Well, there’s another category of natural-ness that’s not just a matter of less intervention, and I think it causes much of the artificial hue and industrial cry over the term. My personal shorthand for this category is Natural, as opposed to natural. And what does that seemingly insignificant capitalization mean?
That’s for part two.
The Wine Mule
April 25, 2010This reminds me of Sissela Bok's great book, "Lying: Moral Choice in Private and Public Life." Because asking whether a wine is "natural" is like asking whether something is "the truth." The truth is often not knowable. But it's opposite is easily knowable: Is something a lie? I find it tedious–strike that: pointlessly contentious–to discuss the "naturalness" of a wine. It is very much on point, on the other hand, to ask whether a wine has been made and marketed with the intent to deceive. You can come up with your own favorite examples, I'm sure.
thor iverson
April 26, 2010I don't find it tedious so much as circular and pointless, so maybe I'm closer to "pointlessly contentious" than I'd thought. But as we both said, the opposite clearly exists, which comes pretty close to proving the concept's existence.

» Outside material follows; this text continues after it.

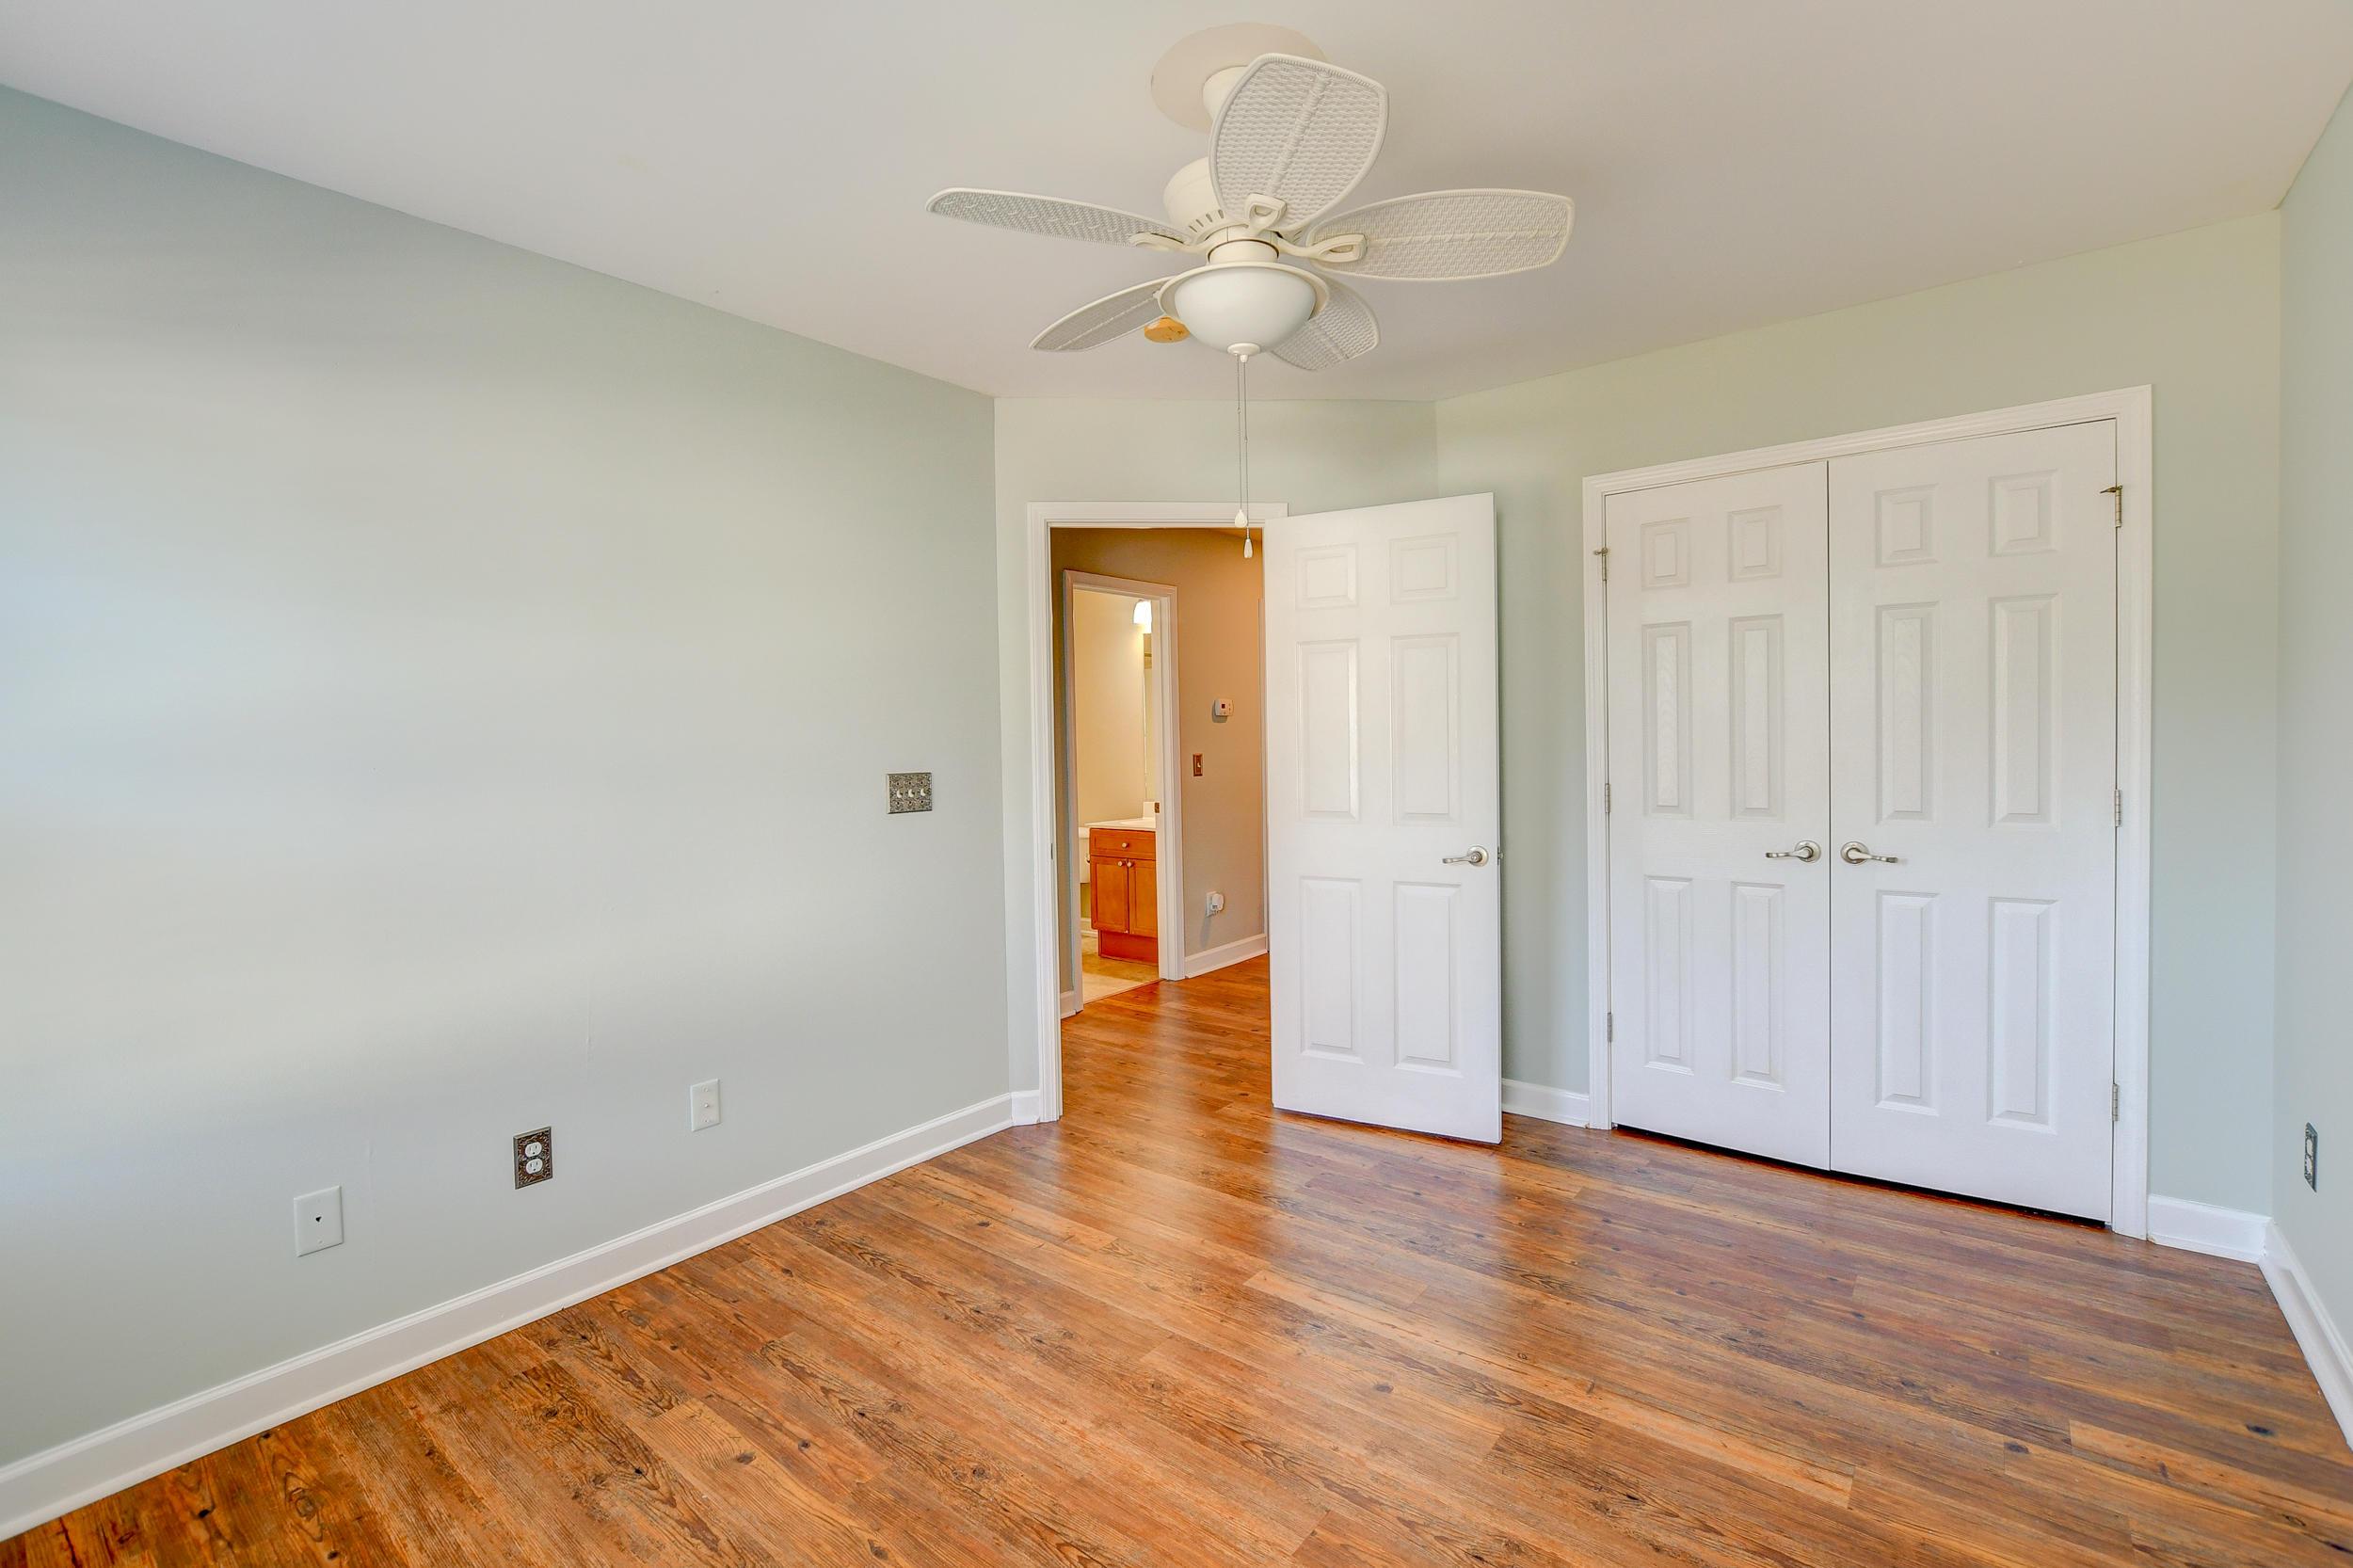 Park West Homes For Sale - 3545 Claremont, Mount Pleasant, SC - 19

As for deception, discretion is the better part of saving it for a future post…uh, I mean valor.
Vincent Fritzsche
April 28, 2010Such a complete argument. You haven't provided much room for debate. Nevertheless, I bristle at the term natural wine. Not with virulence mind you. Perhaps it's just semantics. To me, natural means essentially "as it was." Found objects for example. Wine isn't a found object. Even with a hands off approach (or lack of "approach") in the cellar, we can't forget all the intervention in siting, planting and tending the vineyard. I think a word like transparent better conveys the truth, perhaps even the nature of a wine from a given place. In that way, wine might not be natural but still conveys nature through transparency. I know it's violating one of the many points here, but really, until we're foraging for grapes like wild mushrooms and doing something but very little to turn them into wine, there's not much that's natural going on. And I'm fine with that.
thor iverson
April 28, 2010Well, completeness is both my skill and my burden. I wish I could meet brevity at a party somewhere and get to know her.

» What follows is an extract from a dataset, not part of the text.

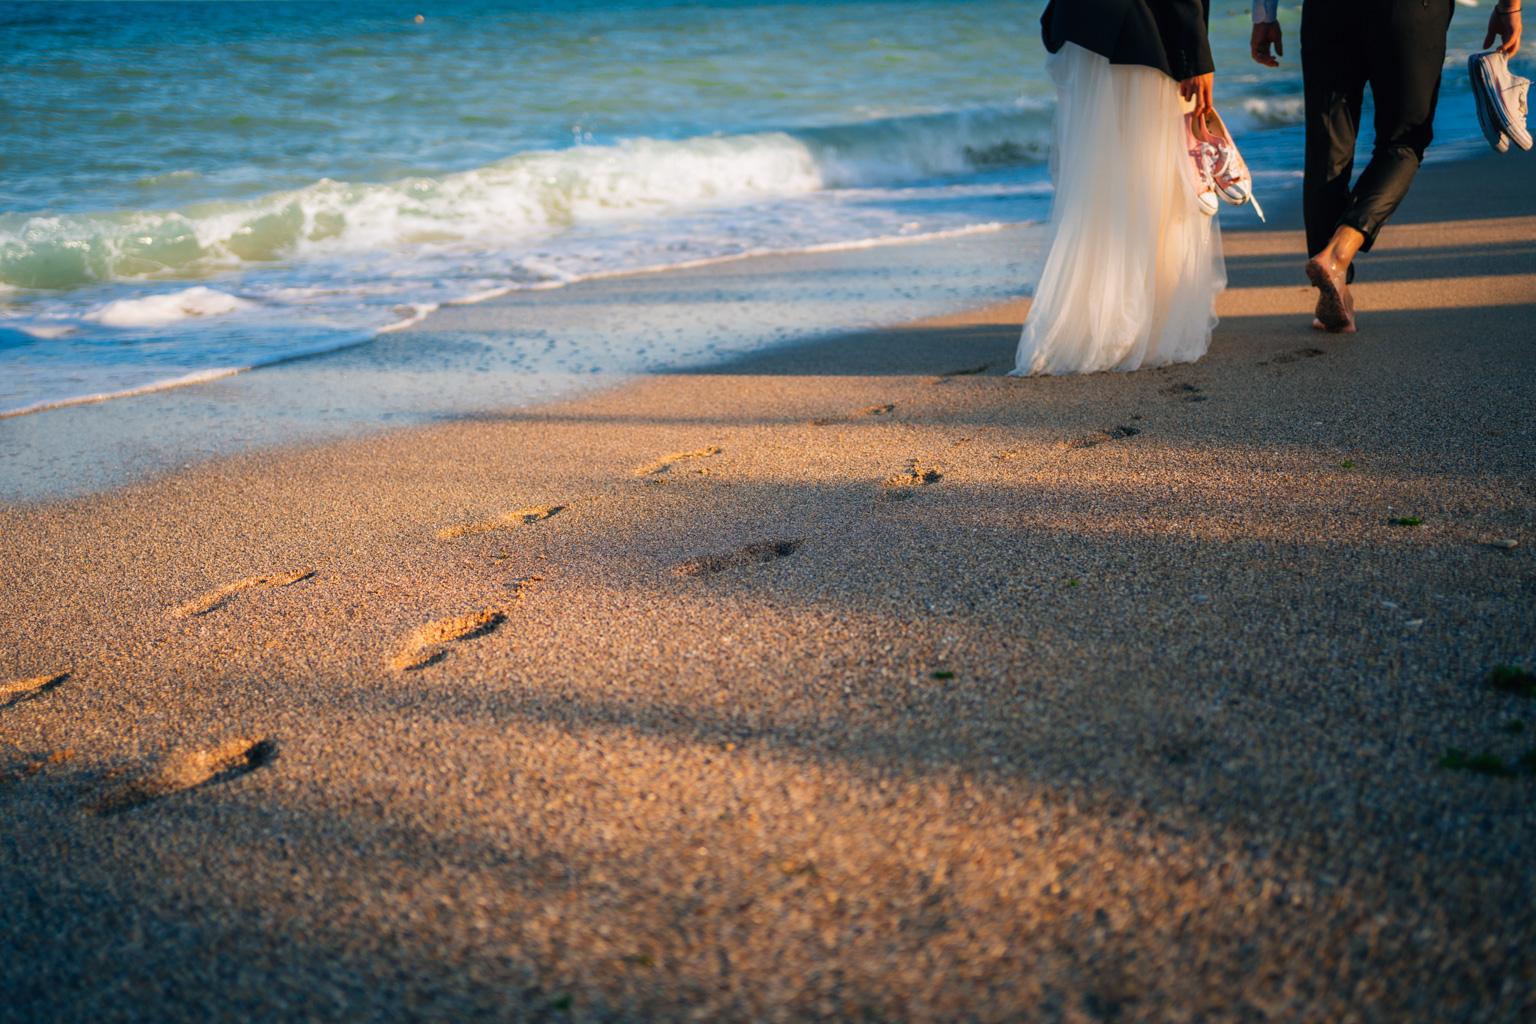 Avantajele unei nunti de vara – Fotografii de nunta incredibile intr-o lumina superba

I don't like "transparent" because it already has a meaning in wine (and a meaning outside wine which might be applied to wine). As I think is suggested but not made explicit in the posts, "natural" doesn't mean what you assert it means when used by people who pursue the concept, and so to posit that it does and then argue against it is definitionally problematic. A straw man, as it's called in normal debates, but I don't want to ramp this up too much.
I've heard lots of alternatives — real wine, etc. — but don't care for any of them.
Vincent Fritzsche
April 28, 2010Then that's my problem. What does natural really mean? I know you're getting at it but I can't find the kernel. In using the term transparent, I mean to connect its meaning with what I believe is important when we talk about (I think) natural wine. Natural to me is "as it was" and wine is fundamentally something else, which is fine. What's natural about wine then is its ability to convey nature transparently. Maybe that's a straw man against "natural" though I don't mean it to be. Maybe that confuses what we mean in wine by transparent. I guess I can't think of many transparent wines that are fucked with, and most "natural" wines as I understand people to use the term tend to be pretty transparent to place and season. So it fits for me.